Effect of axially varying sandpaper roughness on bubbly drag reduction in Taylor-Couette turbulence

TL;DR

This study experimentally examines how alternating rough and smooth walls in Taylor-Couette flow affect bubbly drag reduction, revealing that roughness patterns influence bubble distribution and drag reduction effectiveness.

Contribution

It introduces a novel experimental setup with alternating rough and smooth wall patterns to analyze their impact on bubbly drag reduction in Taylor-Couette turbulence.

Findings

Alternating rough and smooth walls enhance bubbly drag reduction compared to fully rough walls.

Roughness induces more uniform bubble distribution and increased turbulence.

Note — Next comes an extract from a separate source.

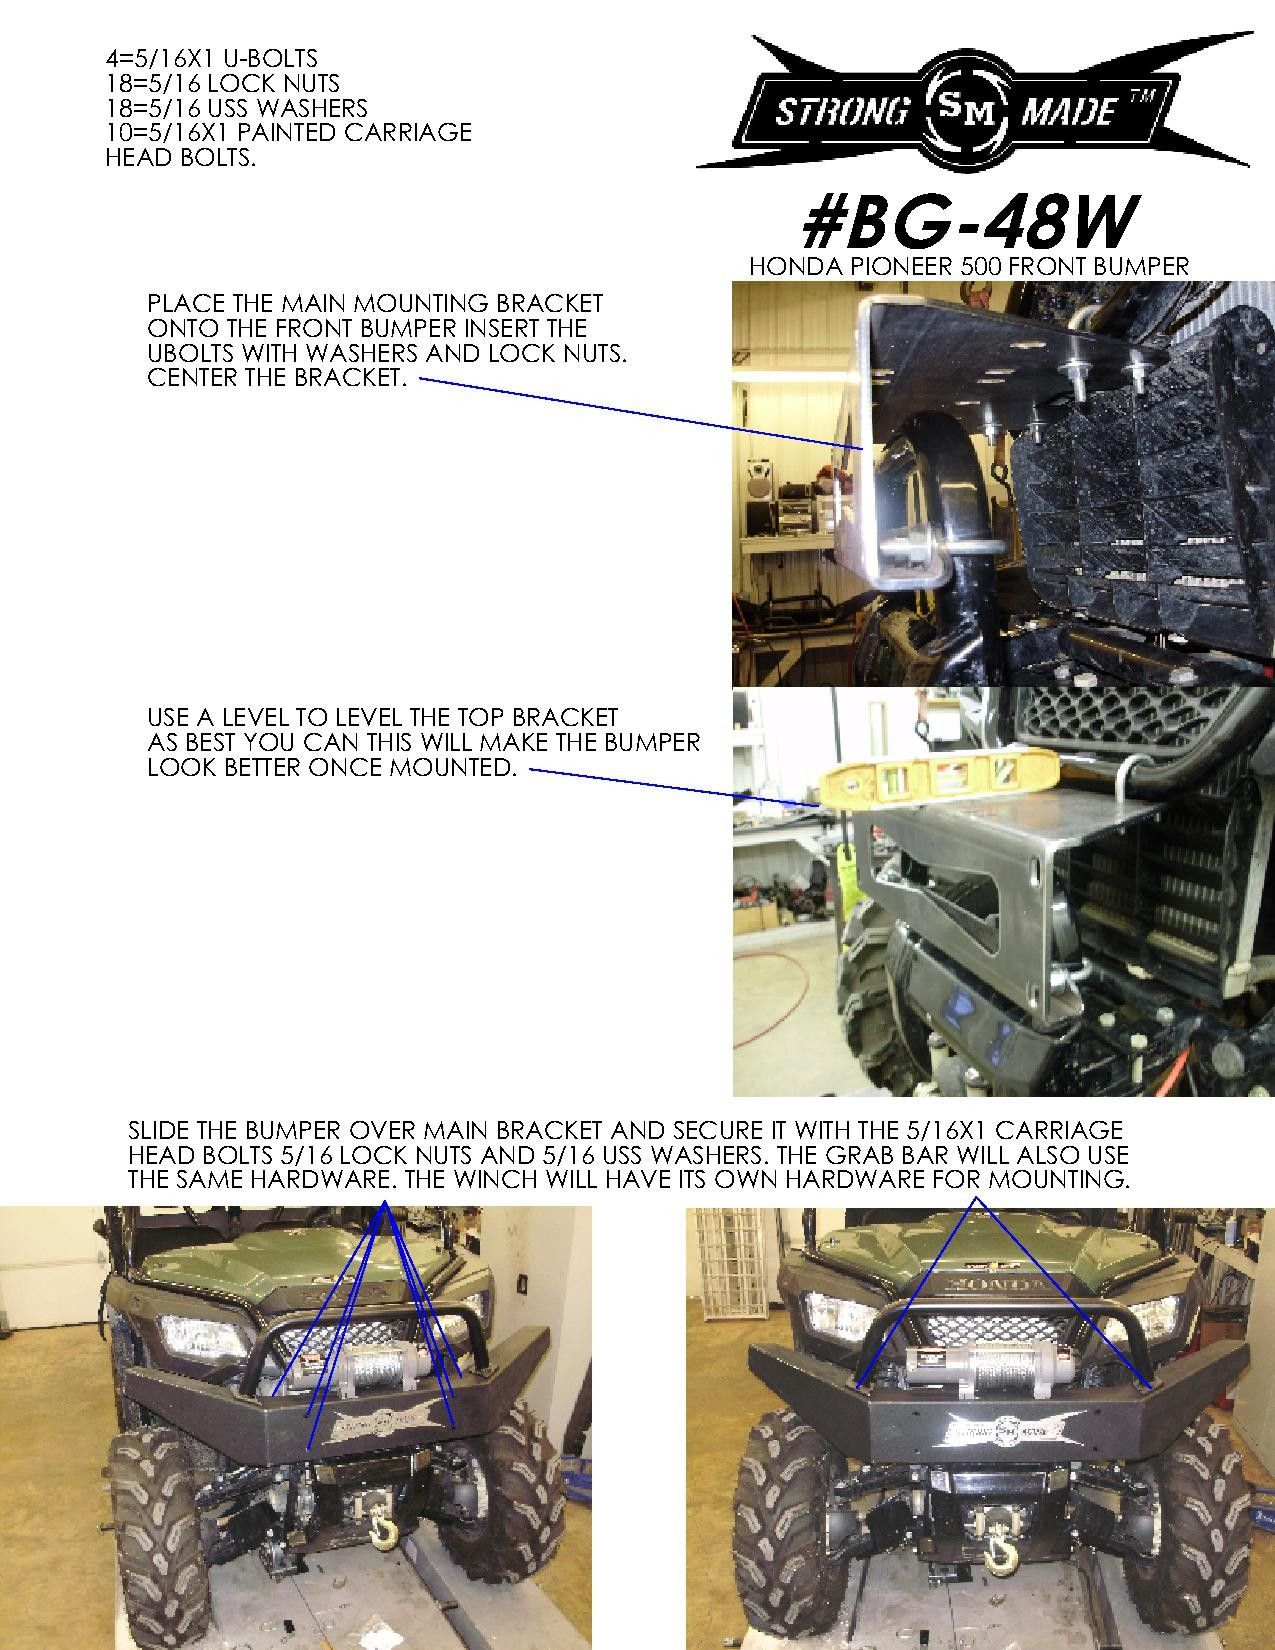 Bg 48w winch series front bumper for 2015 honda pioneer 500 4x4

Maximum drag reduction is achieved at specific roughness patterns and flow conditions.

Abstract

We experimentally investigate the influence of alternating rough and smooth walls on bubbly drag reduction (DR). We apply rough sandpaper bands of width $s$ between $48.4\,mm$ and $148.5\,mm$, and roughness height $k = 695\,{\mu}m$, around the smooth inner cylinder (IC) of the Twente Turbulent Taylor-Couette facility. Between sandpaper bands, the IC is left uncovered over similar width $s$, resulting in alternating rough and smooth bands, a constant pattern in axial direction. We measure the DR in water that originates from introducing air bubbles to the fluid at (shear) Reynolds numbers $\textit{Re}_s$ ranging from $0.5 \times 10^6$ to $1.8 \times 10^6$. Results are compared to bubbly DR measurements with a completely smooth IC and an IC that is completely covered with sandpaper of the same roughness $k$. The outer cylinder is left smooth for all variations. Results are also compared to bubbly DR measurements where a smooth outer cylinder is rotating in opposite direction to the smooth IC. This counter rotation induces secondary flow structures that are very similar to those observed when the IC is composed of alternating rough and smooth bands. For the measurements with roughness, the bubbly DR is found to initially increase more strongly with $\textit{Re}_s$, before levelling off to reach a value that no longer depends on $\textit{Re}_s$. This is attributed to a more even axial distribution of the air bubbles, resulting from the increased turbulence intensity of the flow compared to flow over a completely smooth wall at the same $\textit{Re}_s$. The air bubbles are seen to accumulate at the rough wall sections in the flow. Here, locally, the drag is largest and so the drag reducing effect of the bubbles is felt strongest. Therefore, a larger maximum value of bubbly DR is found for the alternating rough and smooth walls compared to the completely rough wall.